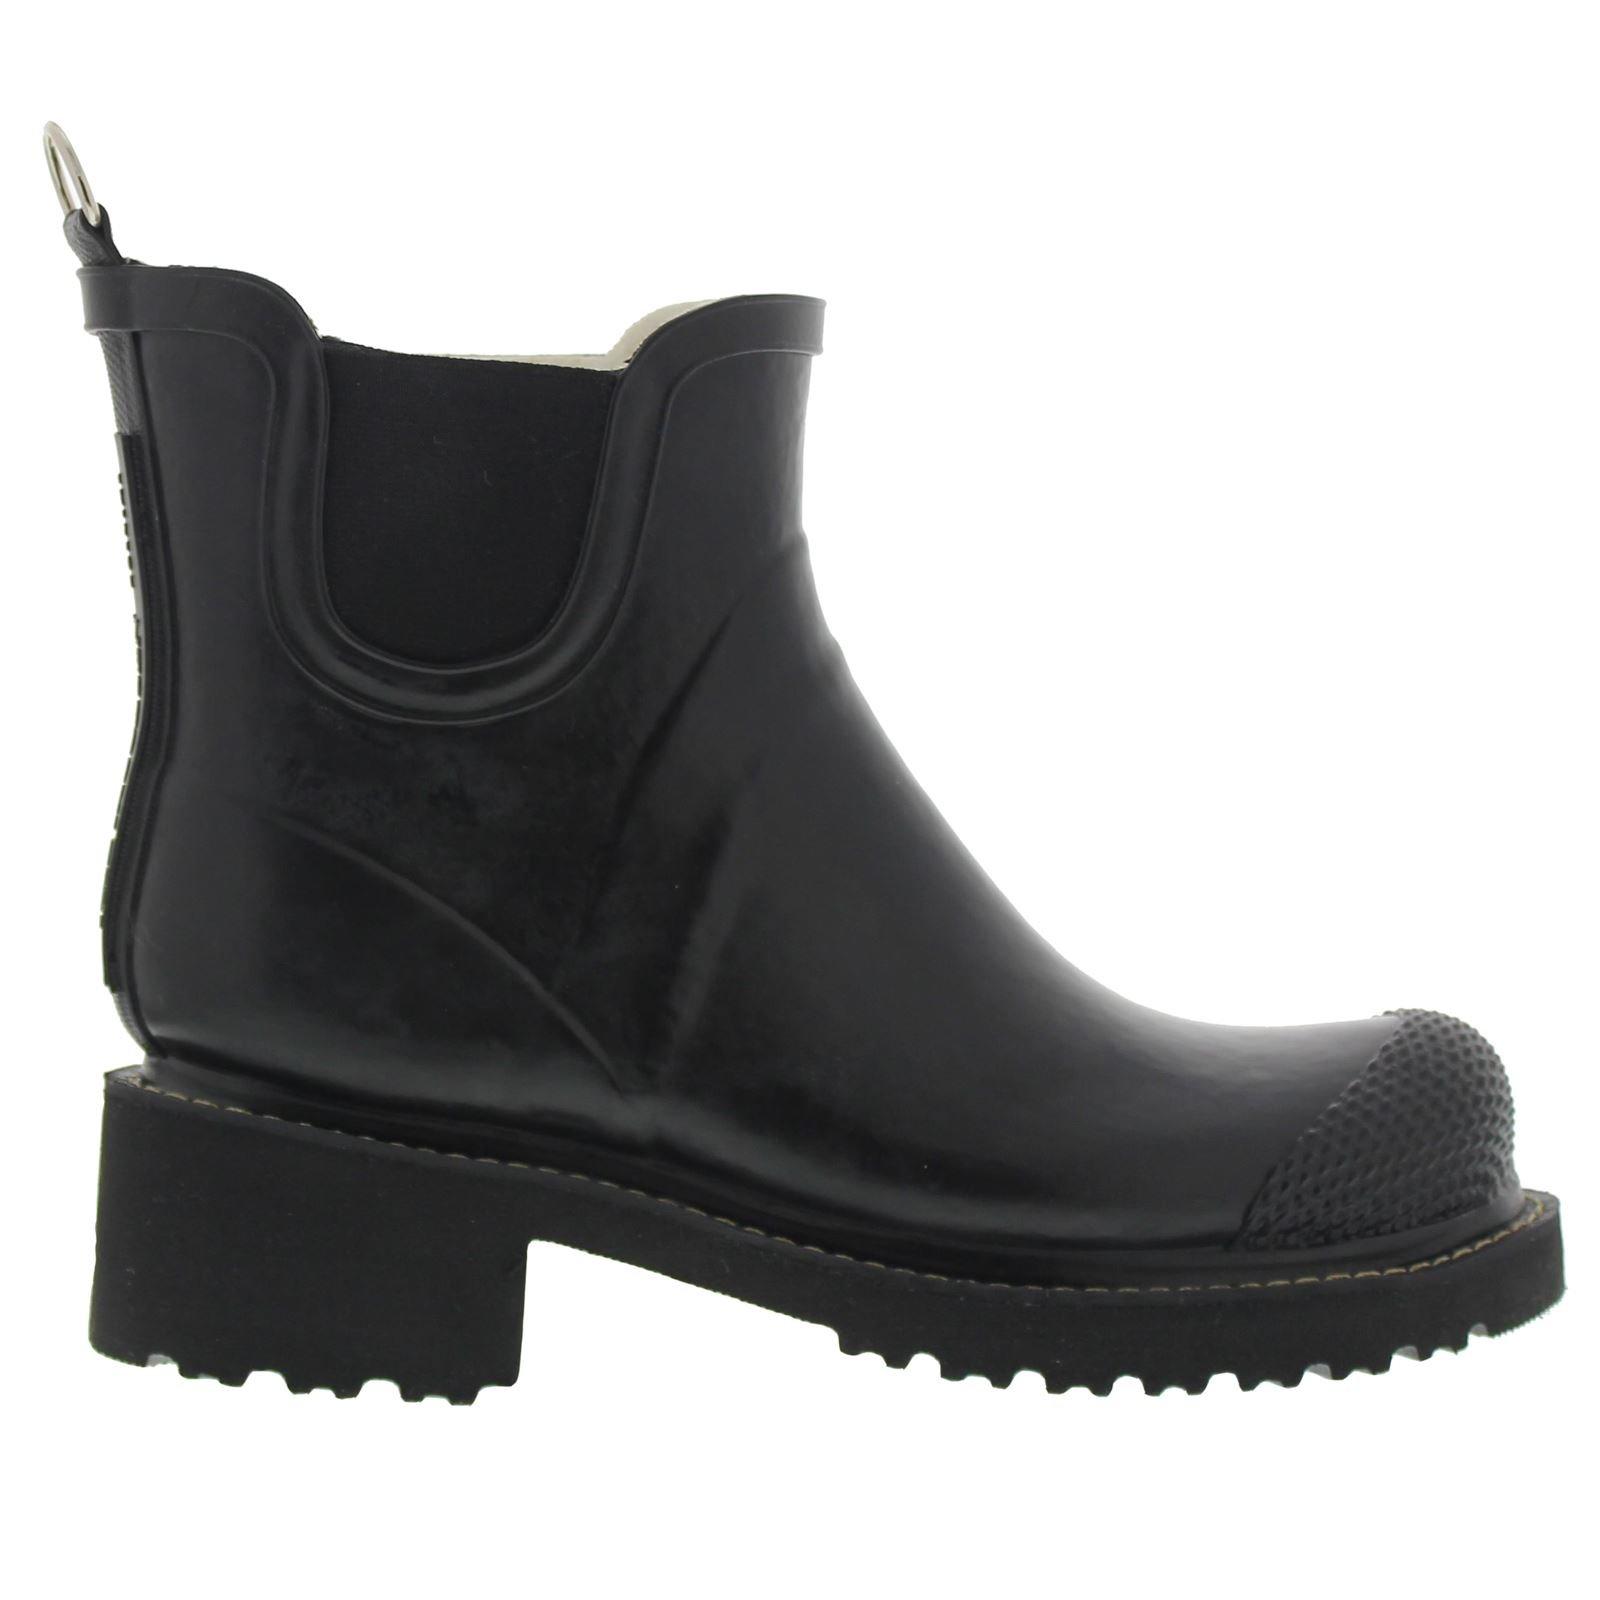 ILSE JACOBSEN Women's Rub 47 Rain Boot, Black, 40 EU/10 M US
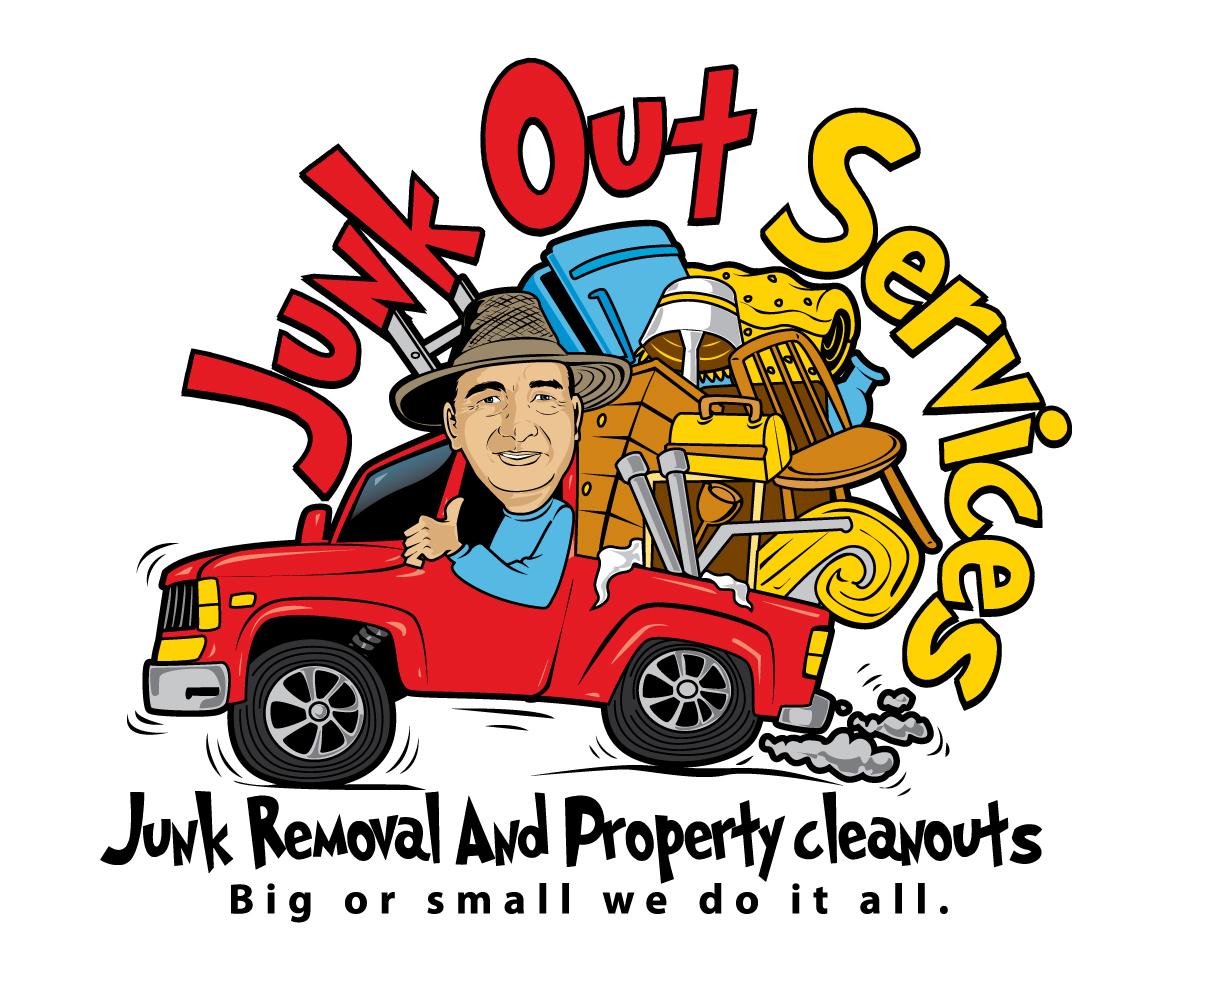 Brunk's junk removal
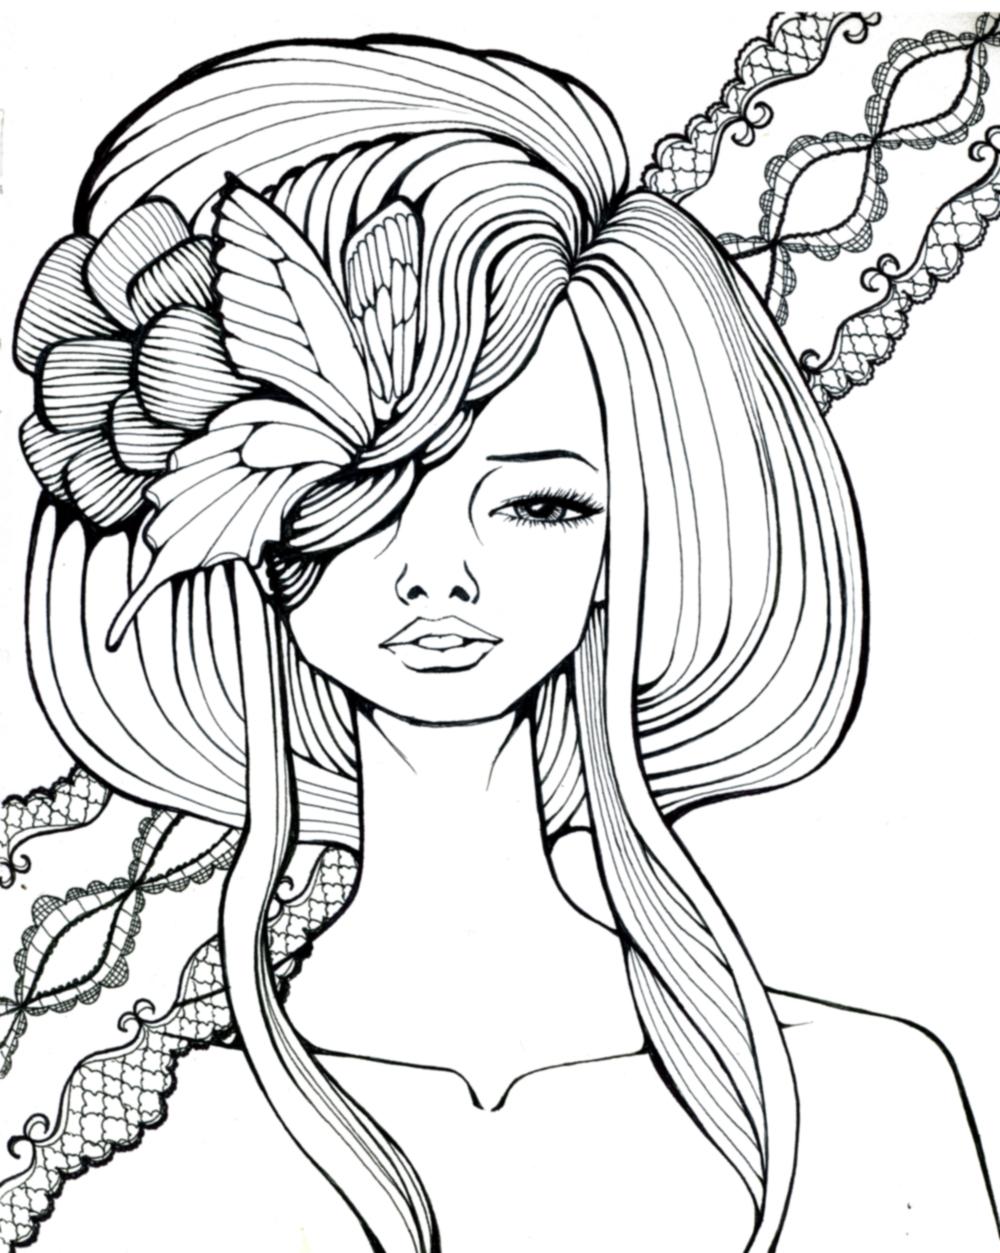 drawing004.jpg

• • • •

▶ **TASK OBJECTIVE**
Render the data above verbatim and without pictures.

▶ **RESPONSE FOR THIS EXERCISE**
 ILSE JACOBSEN Women's Rub 47 Rain Boot, Black, 40 EU/10 M US
 Brunk's junk removal
 drawing004.jpg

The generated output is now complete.